I recommend that you play games with the mother and the baby, until the baby feels safe. Then the baby's emotions will be protected. Otherwise we will shoot the stress hormones unnecessarily.

Does not address the crying or the need for physical contact, harm the sociability and emotionality of babies?

Attachment studies show that.

Ideally, until at least one baby should be with his mother all the time?

Until the baby wants to get away. I don't like giving a number of months, because every baby is different. Just as each baby has a time to walk, in the same way, he has a time to be with his mother. That time varies from baby to baby, but a quiet observation will show us when you are ready to go with other people.

Do young children need daycare to socialize?

Children begin to socialize with each other after approximately three years. Until that time they prefer interaction with an adult, a matter of course normal and logical. Primates are attached to their mother until four years or so. And humans are very related to primates. Therefore, young children do not need daycare to socialize, but to other adults respectful of their needs.

A study was done, if I'm not mistaken in the eighties. The psychologists wanted to prove that the children who went to daycare had better measures of sociability and better results in primary school. The researchers were not prepared for what they found. The highest scores in sociability were for children who had been with their mothers until the beginning of primary school. In terms of academic results, at the beginning of the first year of primary school, children who had been in kindergartens had better results, but those who had been at home matched them in two or three months.

Why do young children cry when they go to daycare?

In general because they still need to be with their mom. Children do not have our concept of time. So they don't know how long it will take to return. Making a simile, it is as if your partner goes on a spree and does not notify you when he will return. Three days pass, and he arrives on the fourth day in the morning. You pass a tremendous fear without knowing if it will return or not.

We all know that children do not drive or understand the clock, so when we leave and leave him at the nursery, they have no idea when we will return. A mother in the online workshop consulted me because her son cried every day when she entered a child. I was three years old at the time, and until that time I had not attended daycare. I recommended that he play games, so that the child understood that the mother would always go for him. One day, on the way to school, the mother was singing a song, which in her lyrics explained that in a little while she would be with him again. And the boy replied: "Mommy, I already know that you always come, what I don't know is when," according to the mother visibly angry. This draws very well what I mean.

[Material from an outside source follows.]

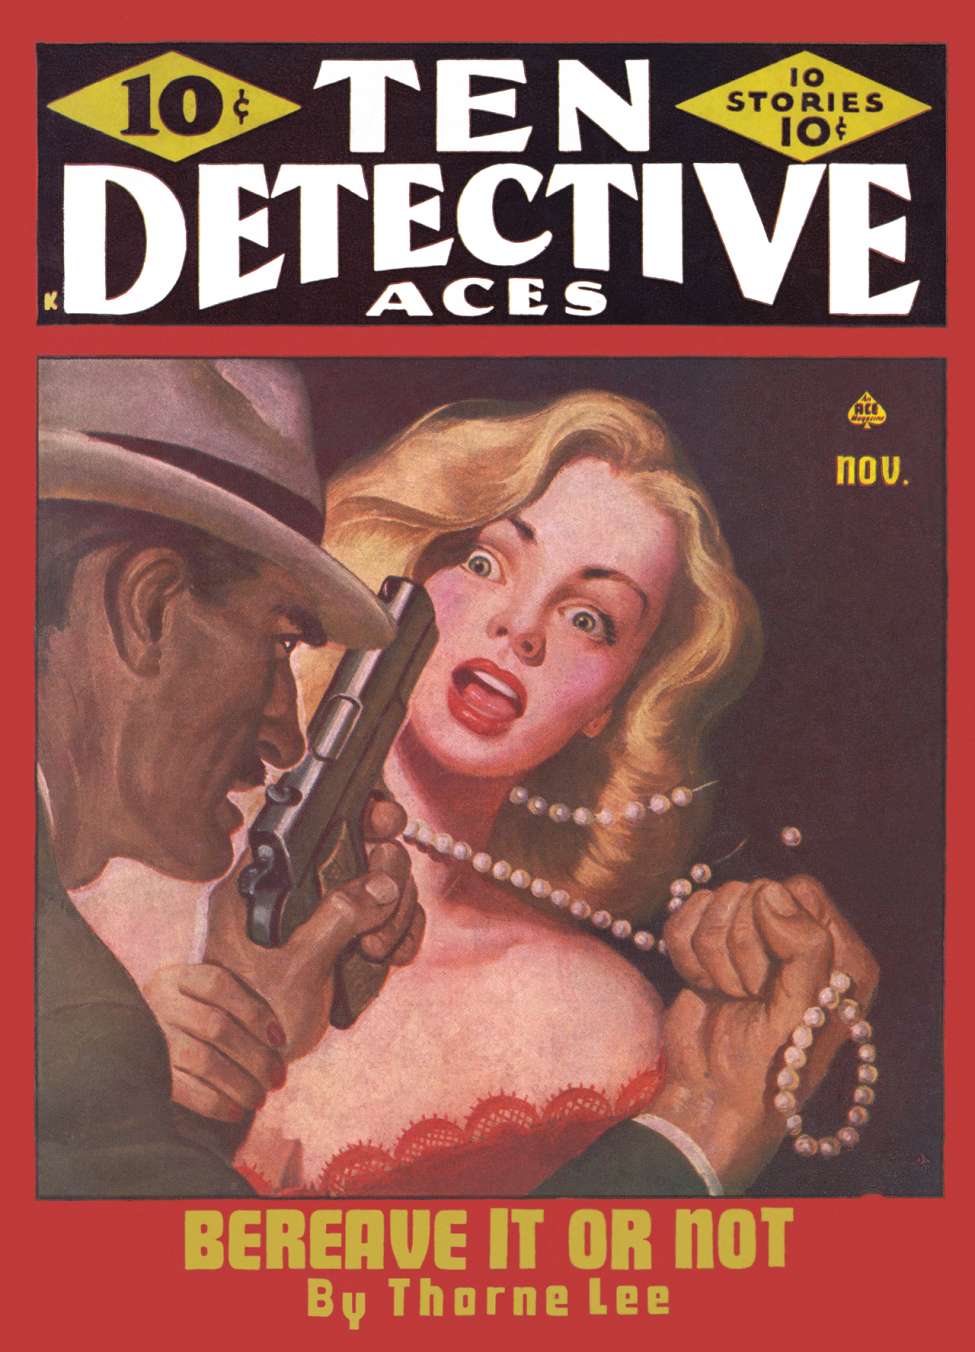 Comic Book Cover For Ten Detective Aces v51 4

Tomorrow we will publish the second part of this long interview with child psychologist Teresa García, which will tell us about the healthy socialization of children in the family, the environment and the school.

In Babies and more | "We must totally change our production system." Interview with Carlos González, "The events that happen in the primal stage are the most important in life." Interview with Enrique Blay (III), "I became a gynecologist with the clear idea of ​​attending home deliveries." Interview with Dr. Emilio Santos (VI), "Some disabled people dare to have children," interviews the author of "Adapted Maternity," "It is a myth to say that the woman who breastfeeds cannot take medication." Interview with José María Paricio (II), “To be a father or mother they don't teach you”. Interview with Teresa Garcia, psychologist expert in Childhood Psychopathology.

Video: Mean Tweets Hip Hop Edition (April 2024).